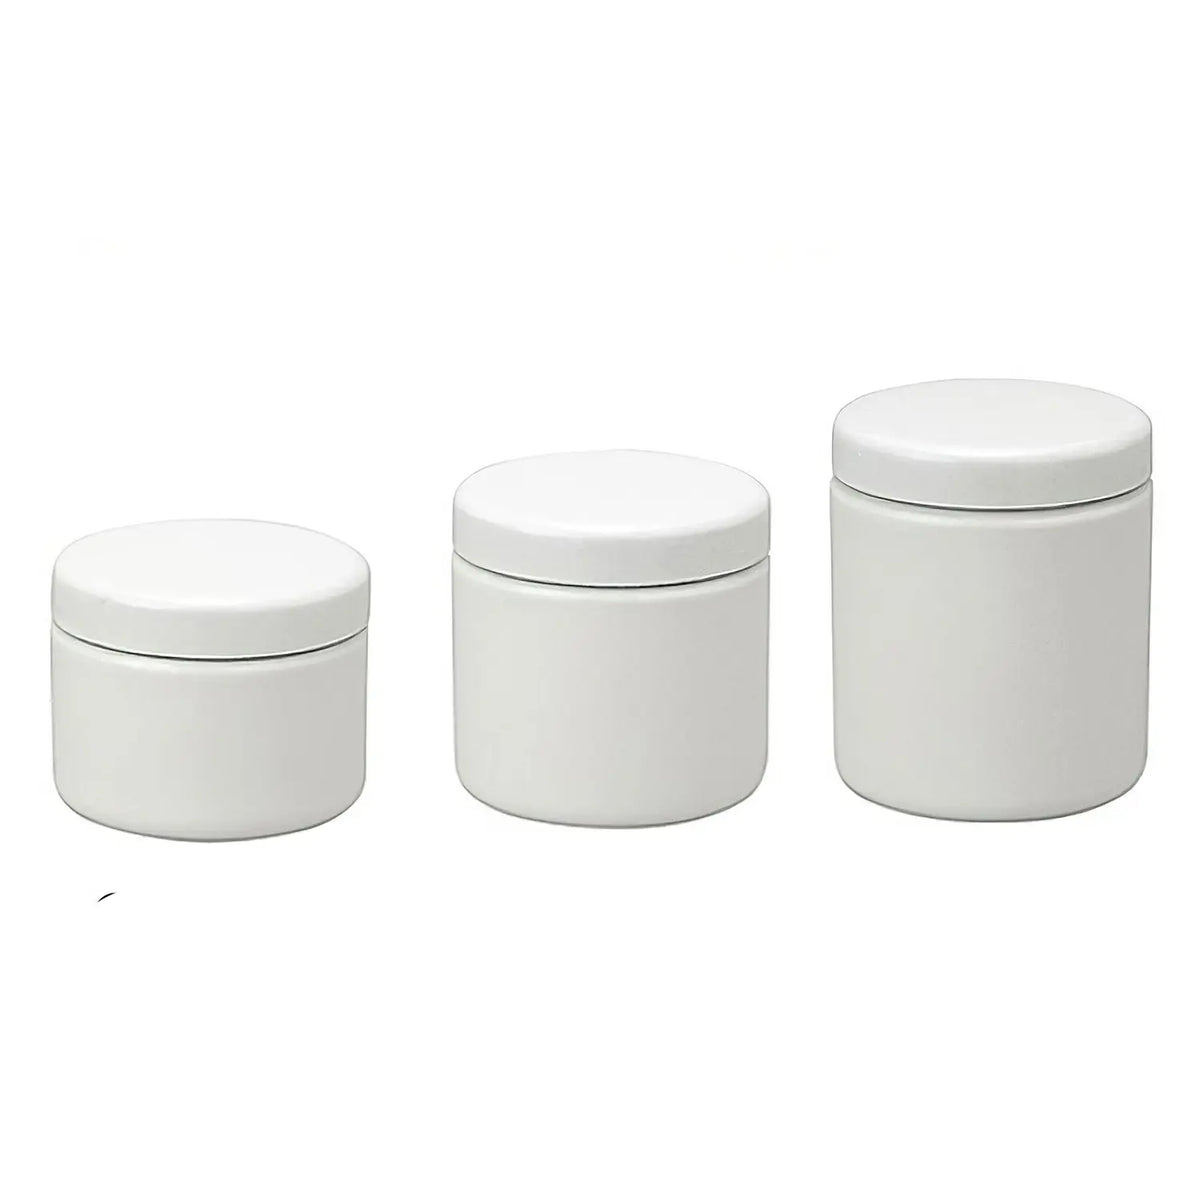 1250 Pack] 4 oz Portion Cups with Lids- Small Condiment Containers
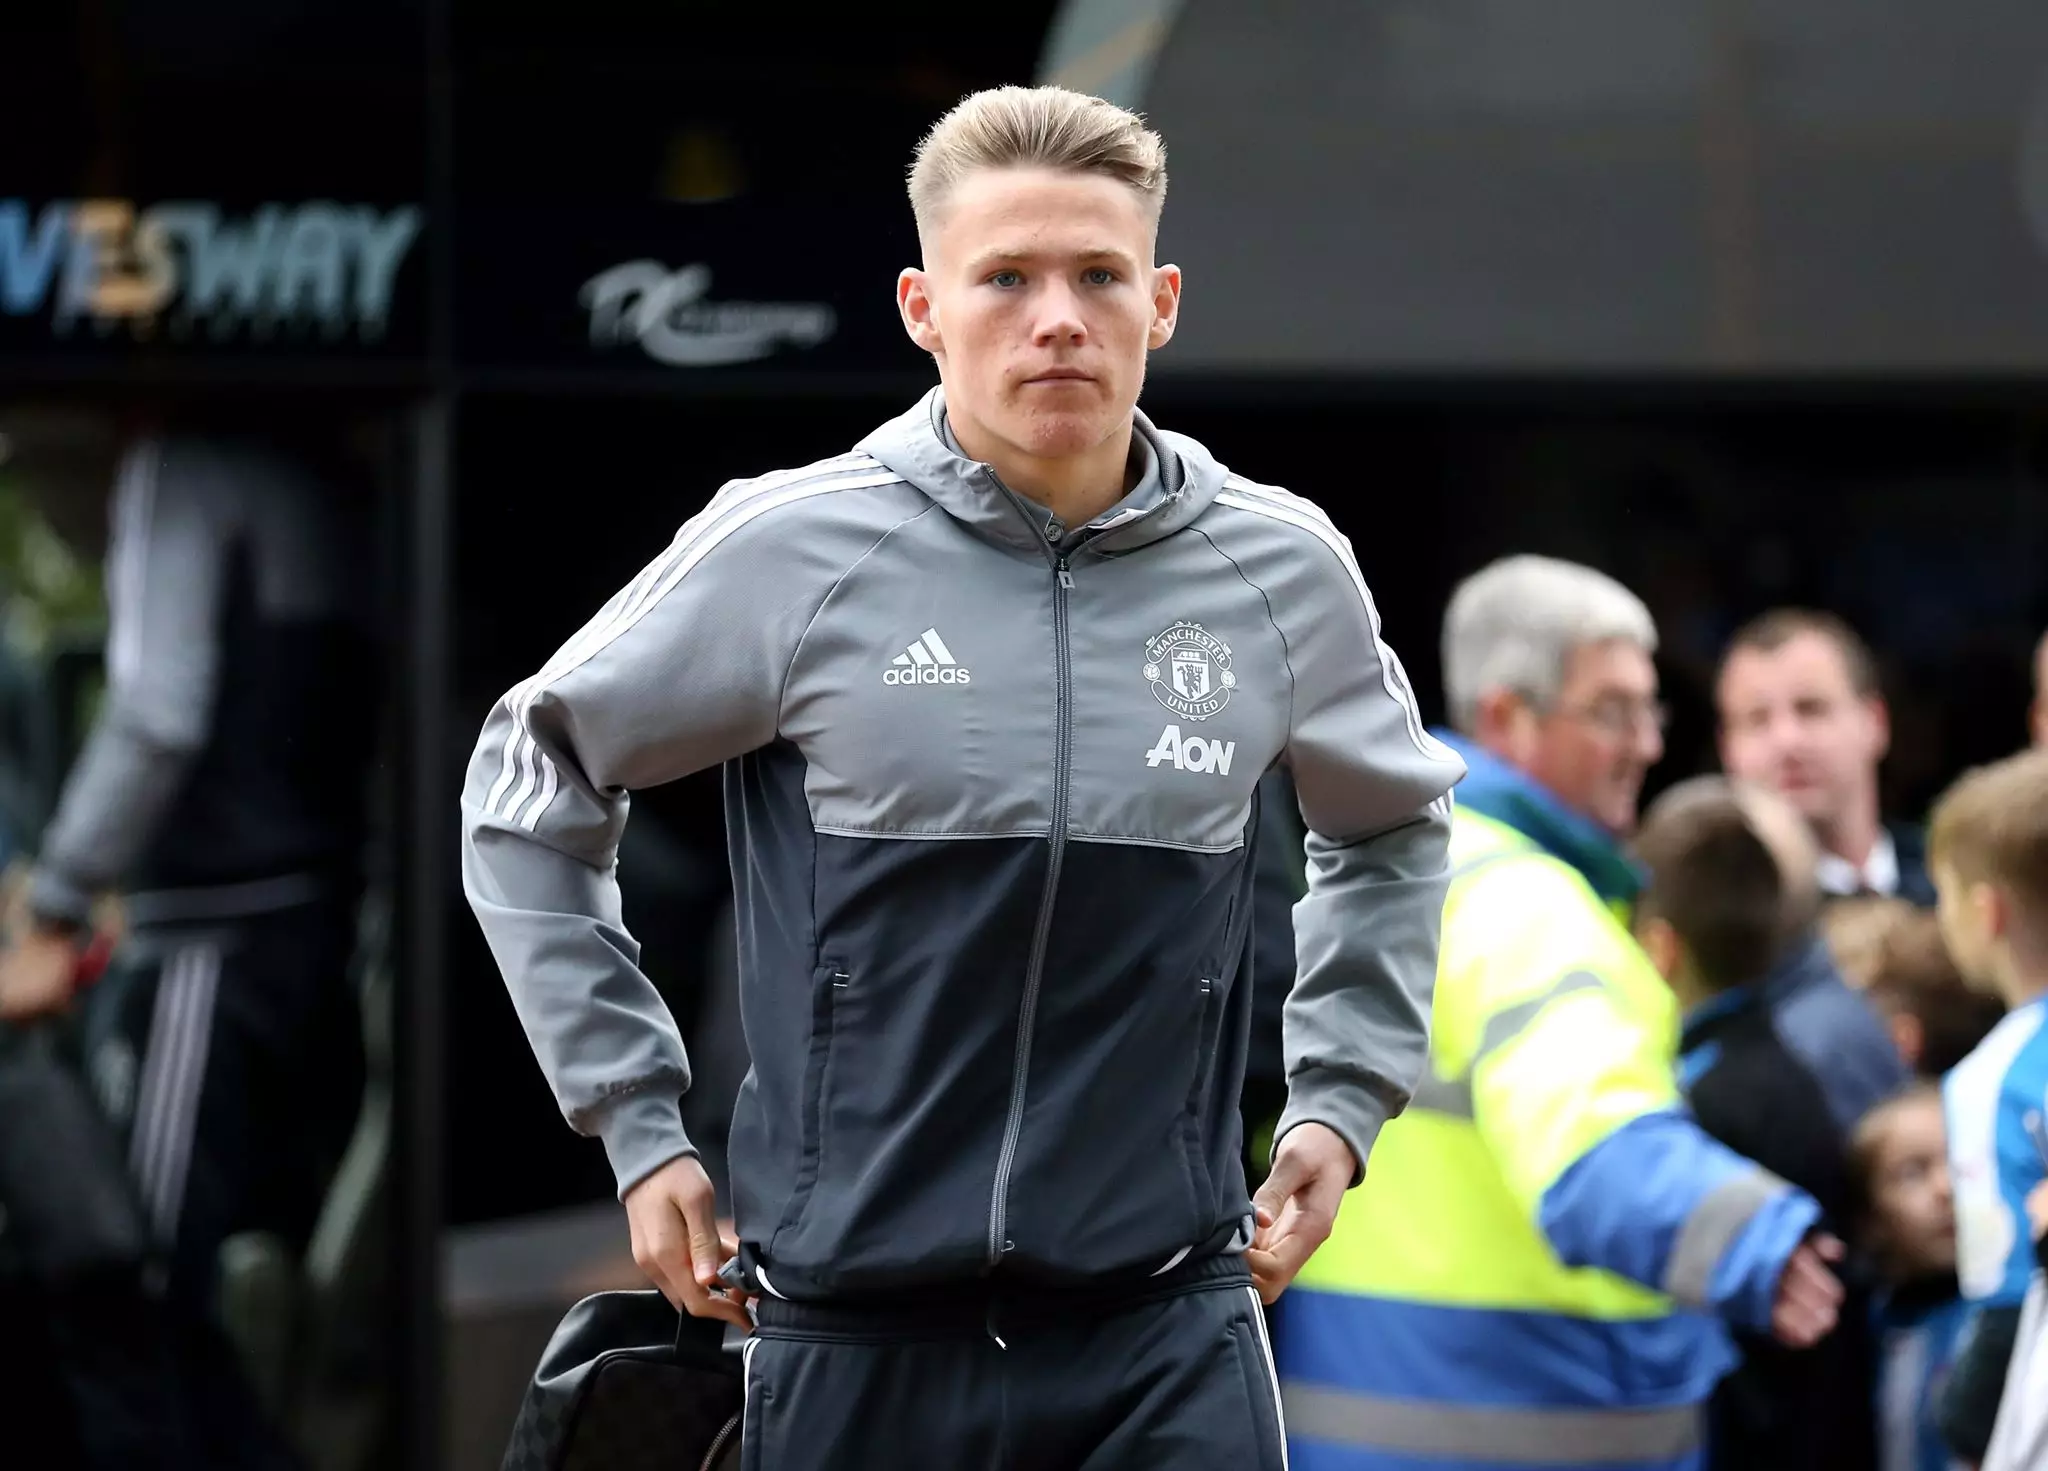 McTominay initially replaced Pogba when the Frenchman was ill recently. Image: PA Images.
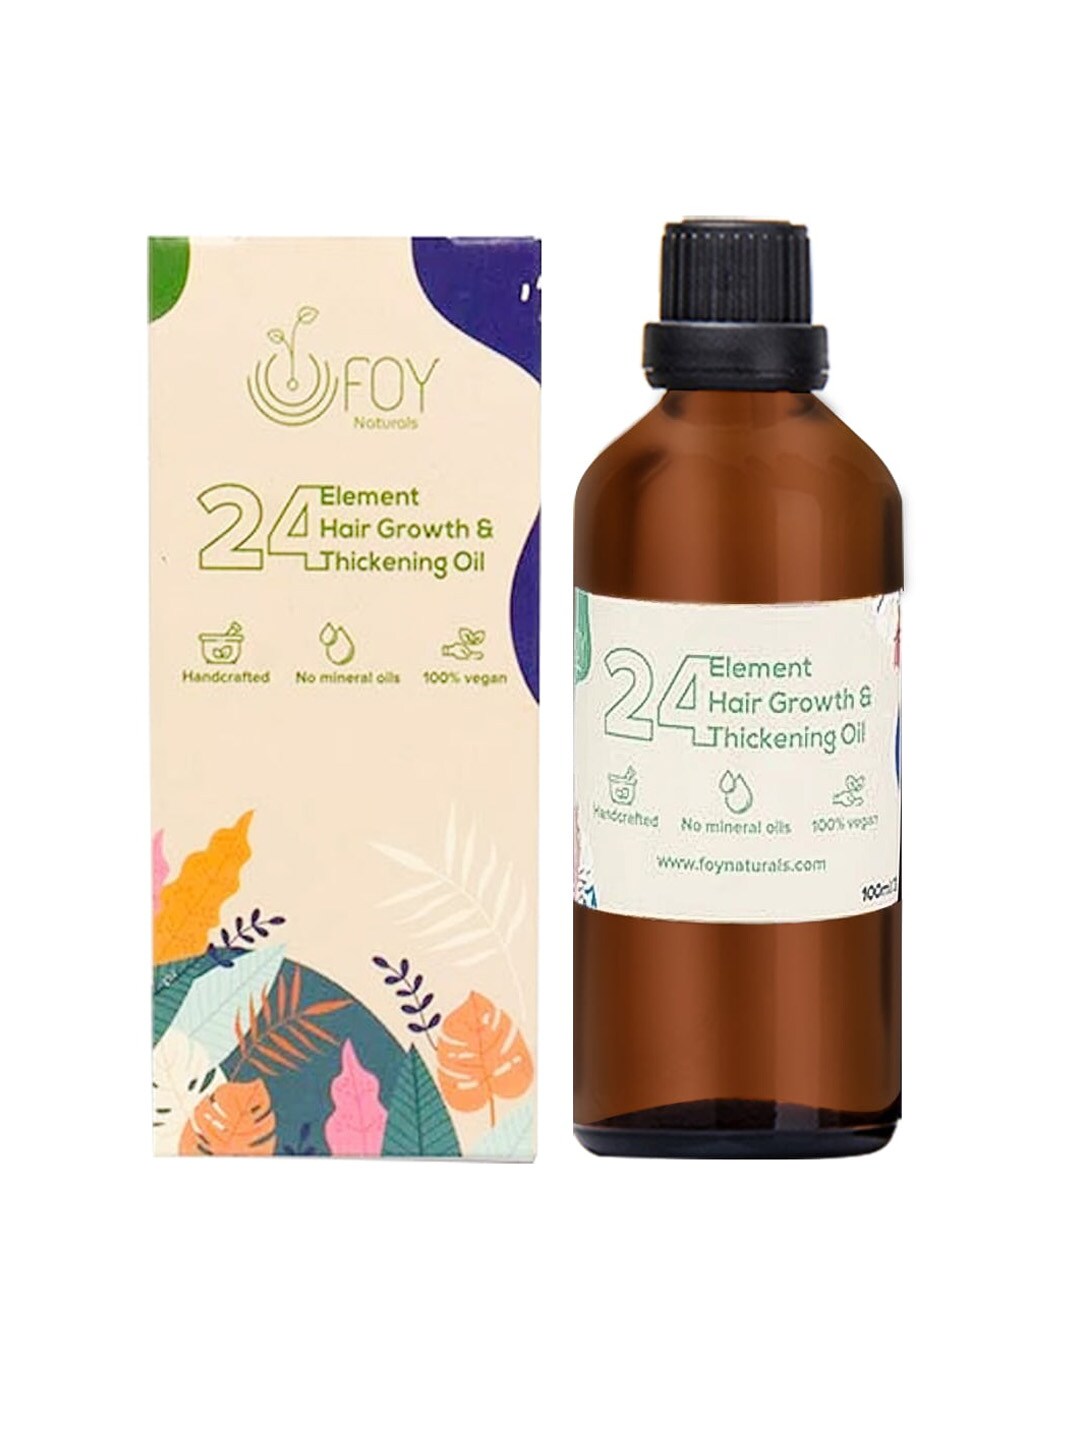 FOY Naturals 24 Element Hair Growth & Thickening Oil 100 ml Price in India

Task directions:
From the line containing "McTominay initially replaced" through the final line of the listing above, reproduce every line exactly, with no pictures.

Problem solution:
 McTominay initially replaced Pogba when the Frenchman was ill recently. Image: PA Images.
 FOY Naturals 24 Element Hair Growth & Thickening Oil 100 ml Price in India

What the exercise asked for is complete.